>>>>>
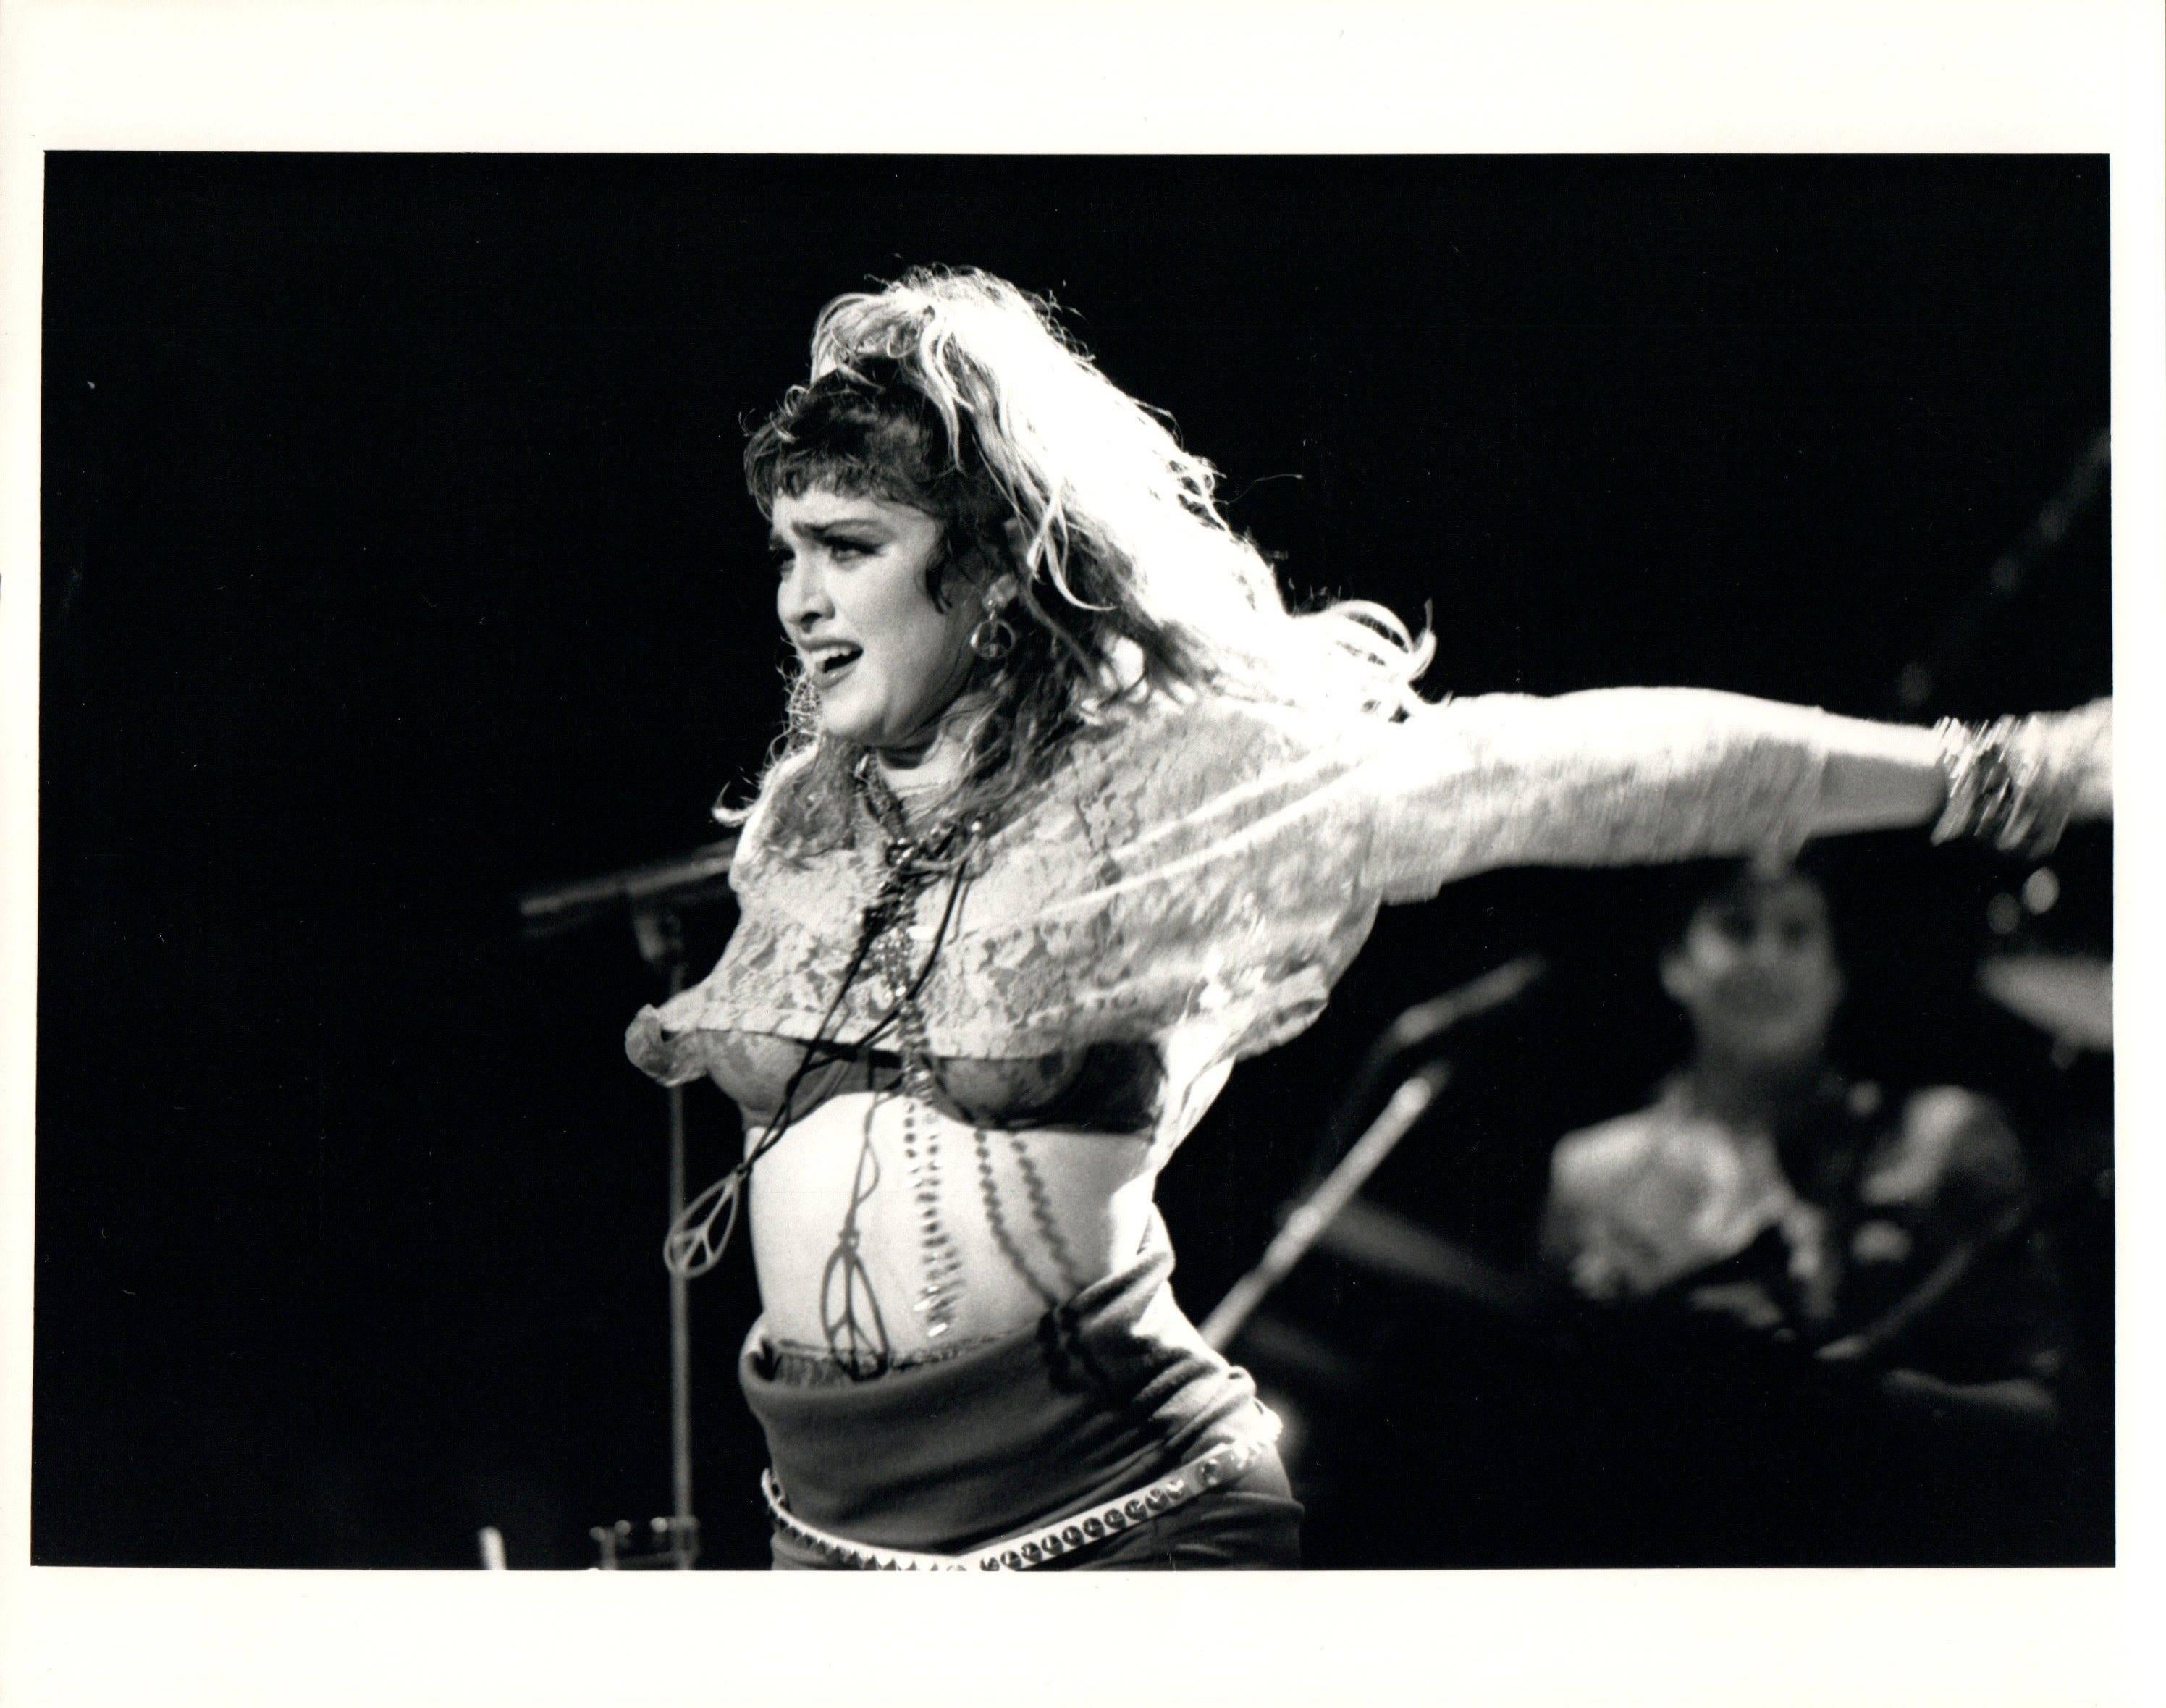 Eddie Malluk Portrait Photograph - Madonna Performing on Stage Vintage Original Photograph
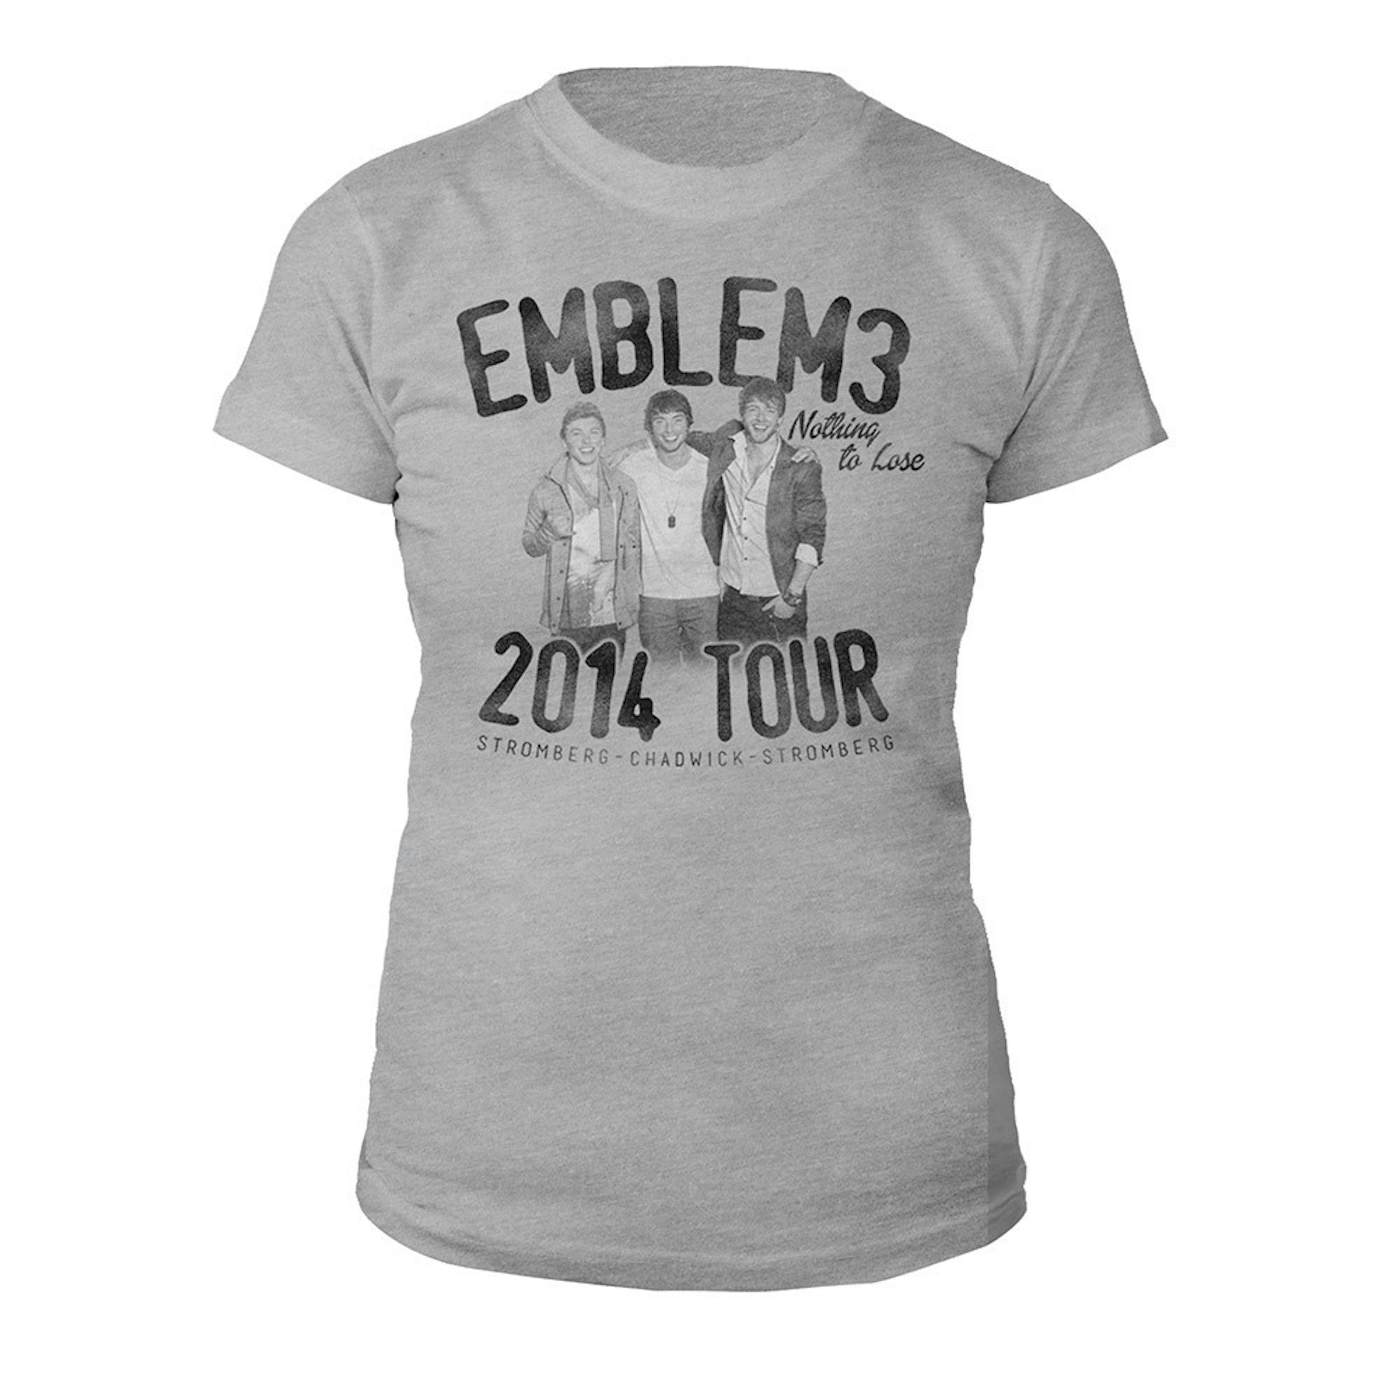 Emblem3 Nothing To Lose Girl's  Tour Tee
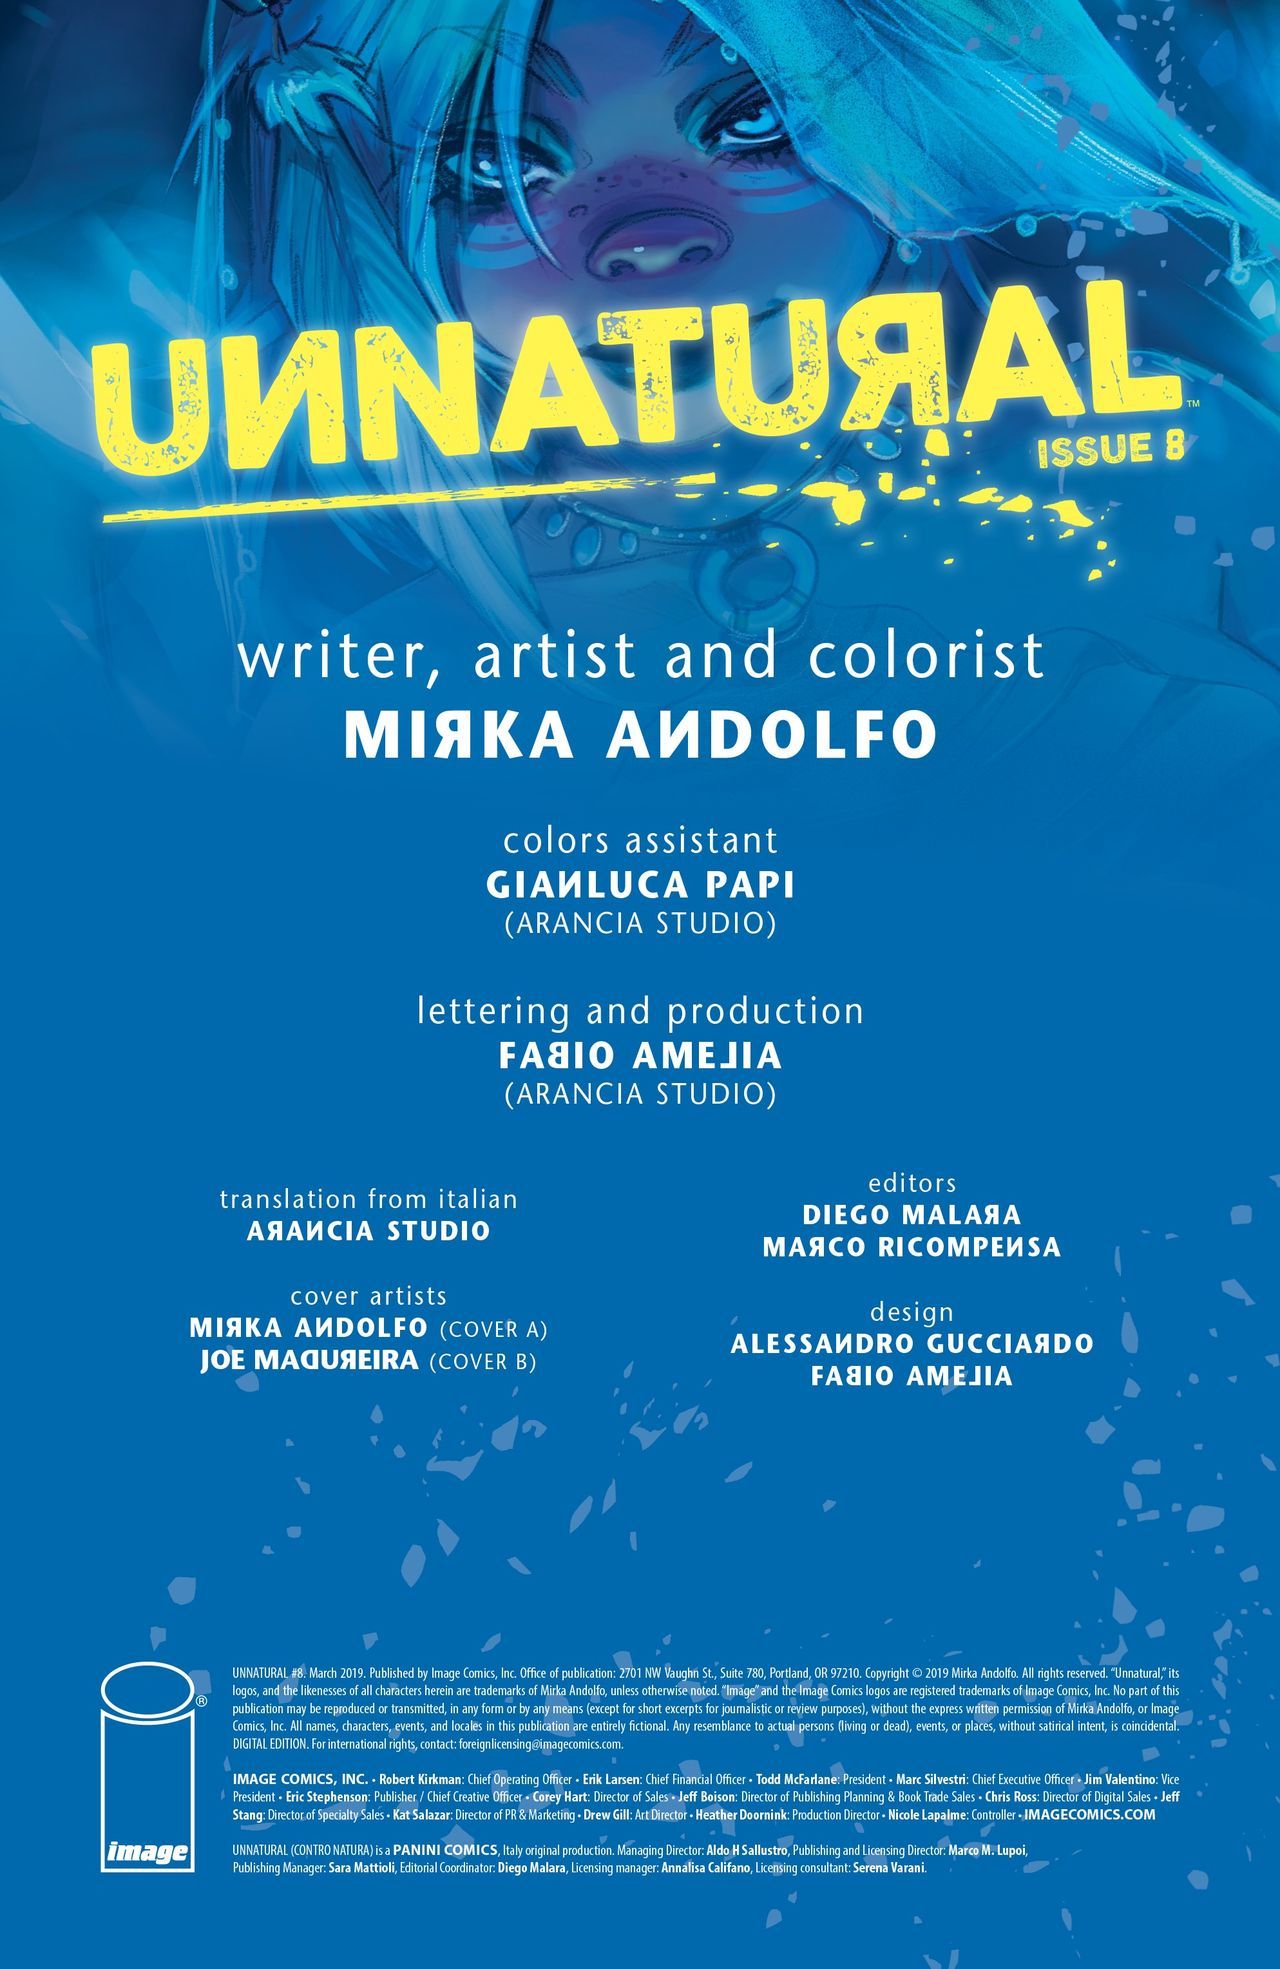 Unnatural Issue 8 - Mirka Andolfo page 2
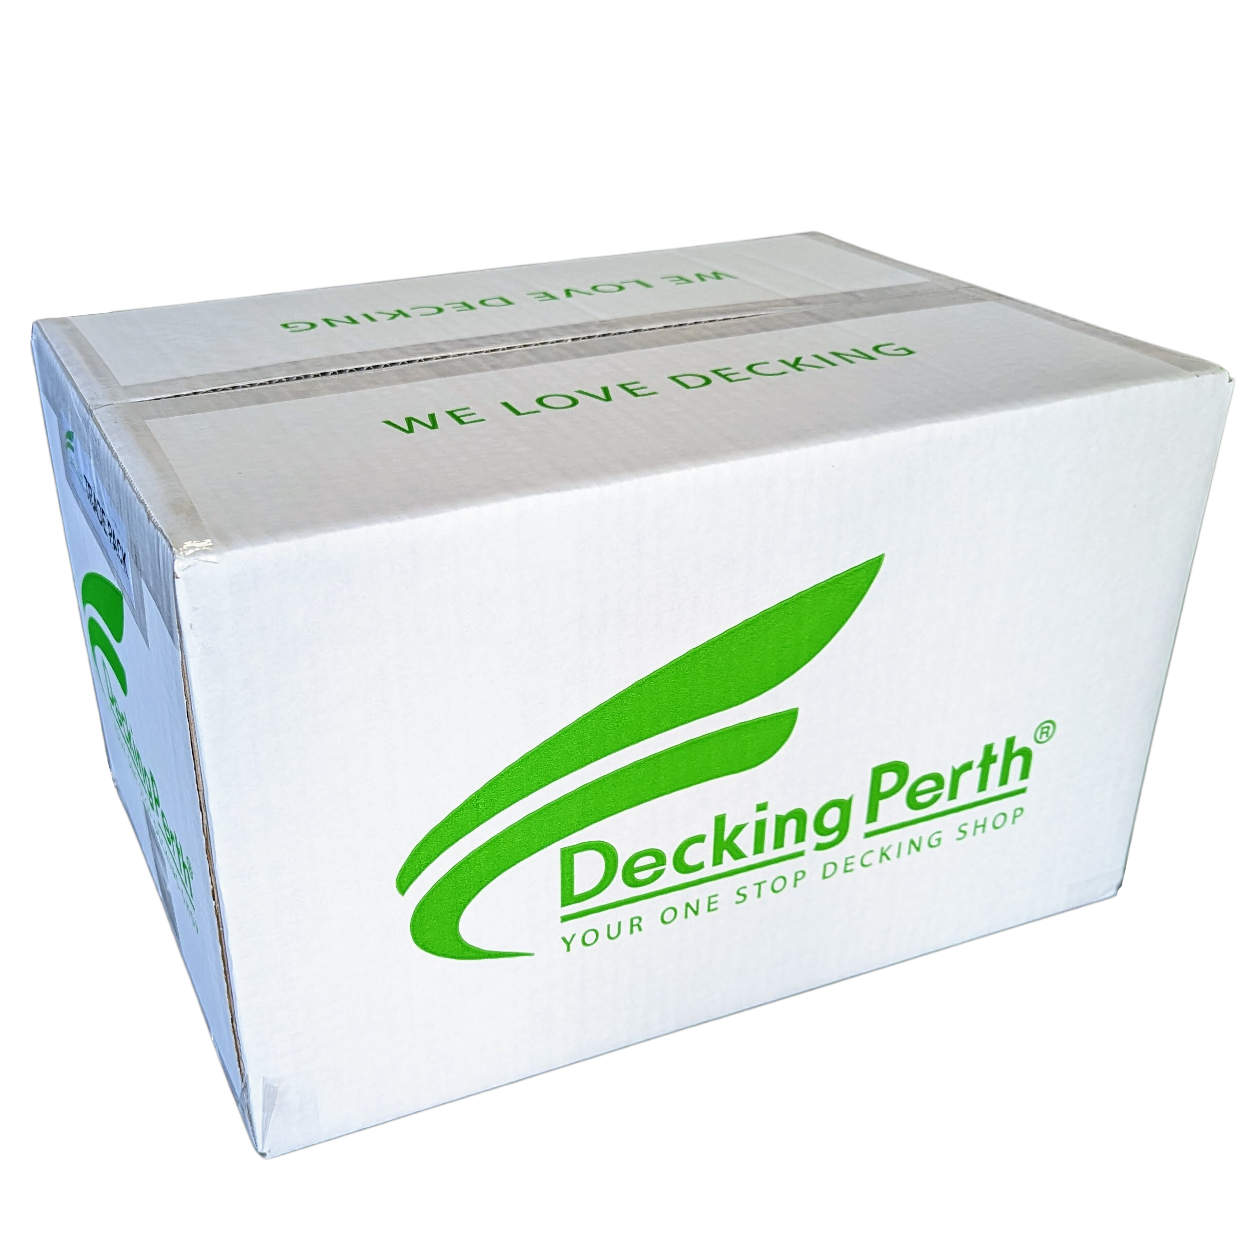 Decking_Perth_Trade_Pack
<<<<<
Take the line containing "Emblem3 Nothing To" through the last line of the material and retype exactly those lines, both ends included, with no pictures.

▶ _The completed task_:
 Emblem3 Nothing To Lose Girl's  Tour Tee
 Unnatural Issue 8 - Mirka Andolfo page 2
 Decking_Perth_Trade_Pack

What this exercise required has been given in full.